BY RAVI SINGH, PHOTOGRAPHS BY NICK IWANYSHYN

Anyone can get old. Not everyone can mature. Maturity in running is a balance between a hunger for growth and an ability to know ourselves. The immature athlete can cherry-pick situations where triumph and adulation are all but certain. They can also confront failure with anger and retaliation, grinding themselves down to constant injury or frustration and a feeling of worthlessness because an immediate goal failed to materialize.

The mature athlete seeks the discomfort of challenge. Their approach is not one of fear that they may be embarrassed or exposed, but one of optimism, embracing the possibility that new elements of adversity might plant the seeds that flourish into excellence. It’s also a matter of vulnerability and maintaining a sense of self-worth and a belief that one’s goals are valid, however messy the journey.

The mature athlete works beyond a single goal. To be at their most competitive, to emerge with new layers and strengths, to adapt along the way—these are their objectives. It’s the distinction between training with finite goals and infinite purpose.

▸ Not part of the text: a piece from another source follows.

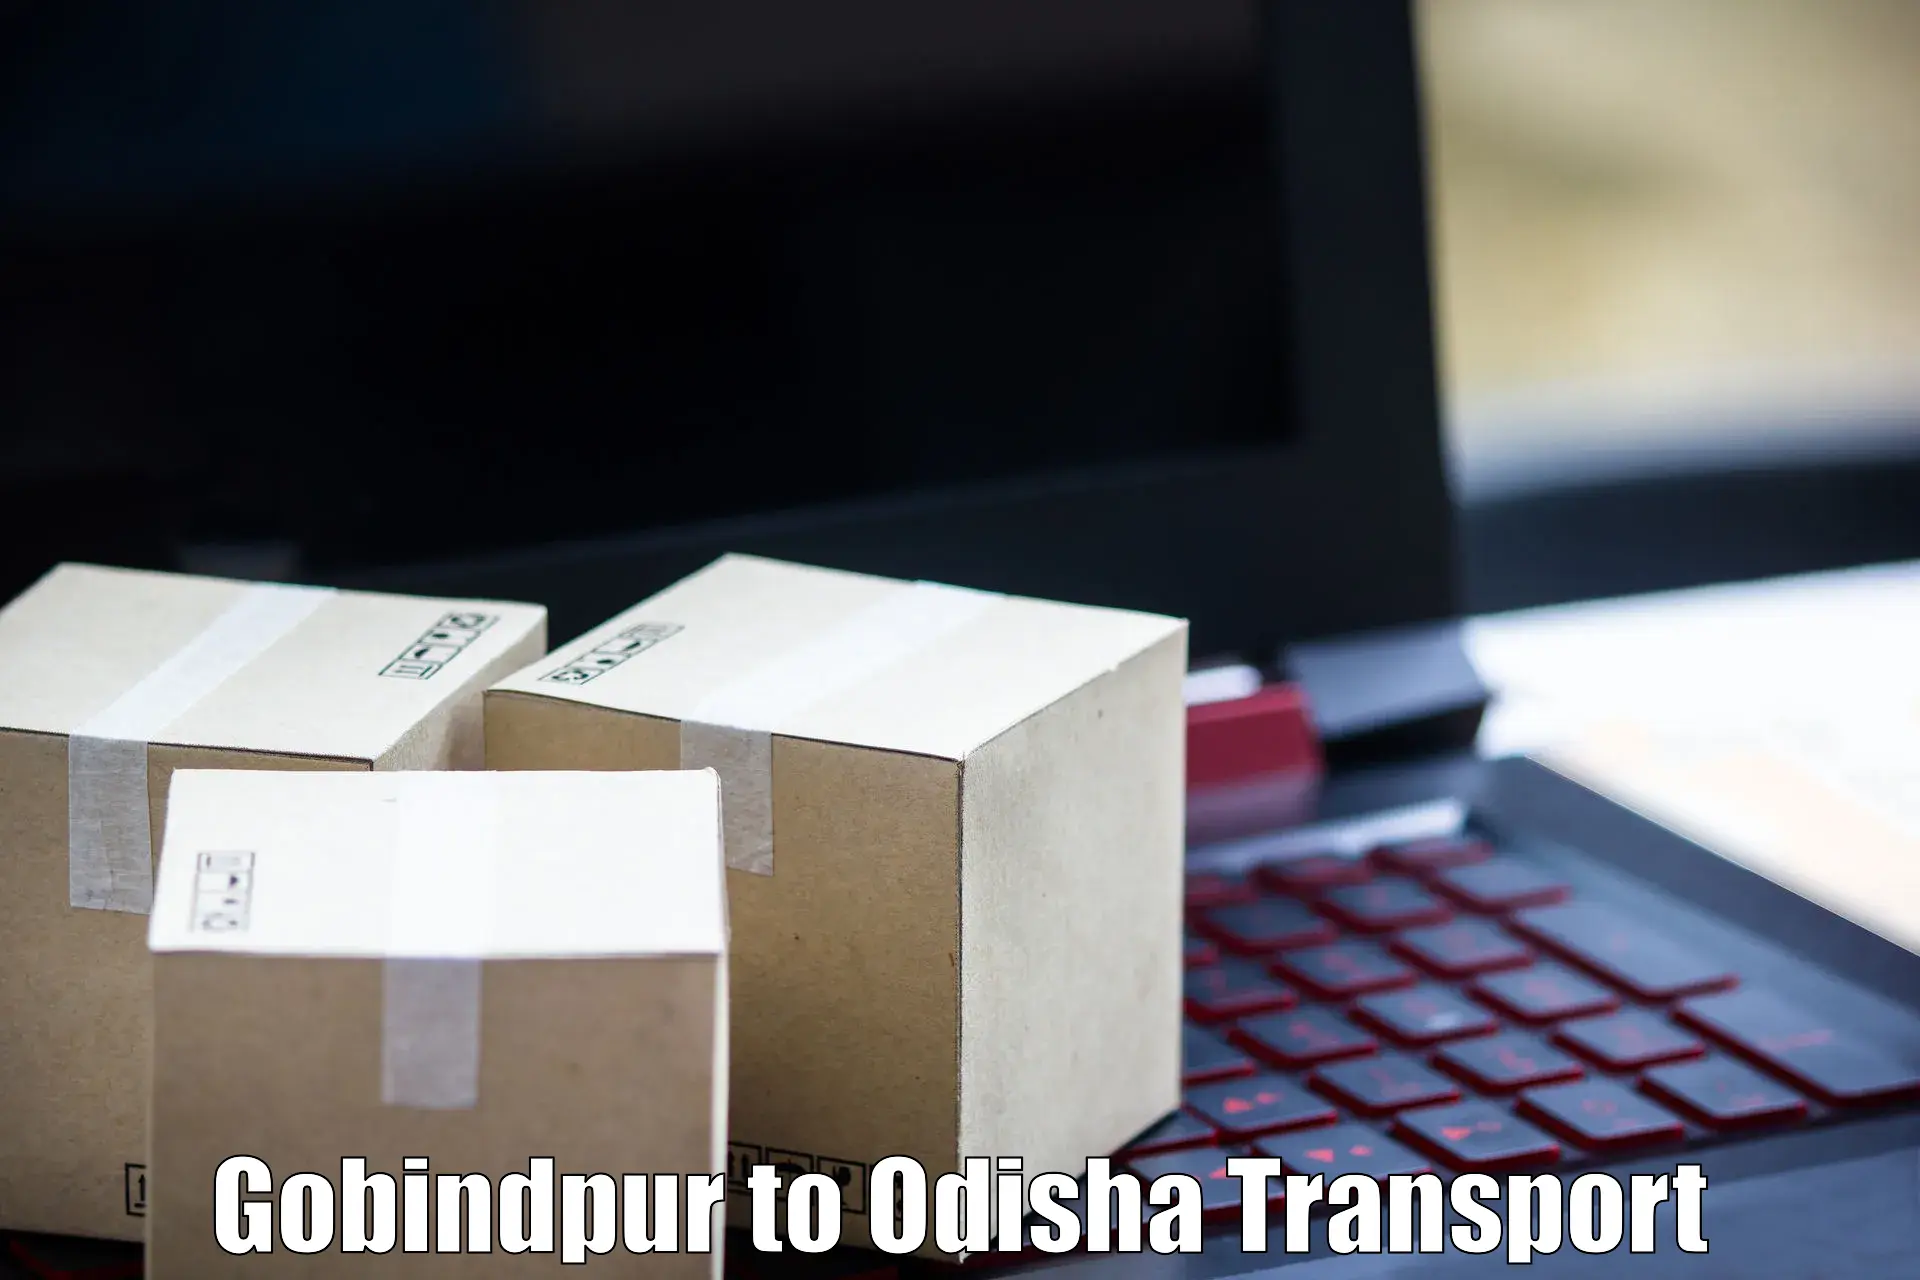 Transport shared services Gobindpur to Ukhunda

I once asked Olympian Eric Gillis for the first phrase that came to mind when he heard the name Reid Coolsaet, his longtime Speed River training partner and occasional course rival. His response: “Trains with purpose.” Coolsaet first proved himself special in 2010 with a 2:11:23 at the Scotiabank Toronto Waterfront Marathon (STWM). At that time, he was among a group of four Canadian men—the others being Gillis, Rob Watson, and Dylan Wykes—who could target a sub-2:15 and all of whom trained together out of Guelph.

Years later, Reid has proven to be a standout among that group of standouts that emerged in the lead up to London 2012. He’s the only one of that group who is at this moment chasing the Canadian record and the only one to have recently threatened it. As a result of that quest, his name appears six times—more than any other—in the 20 fastest ever marathons run by Canadian men.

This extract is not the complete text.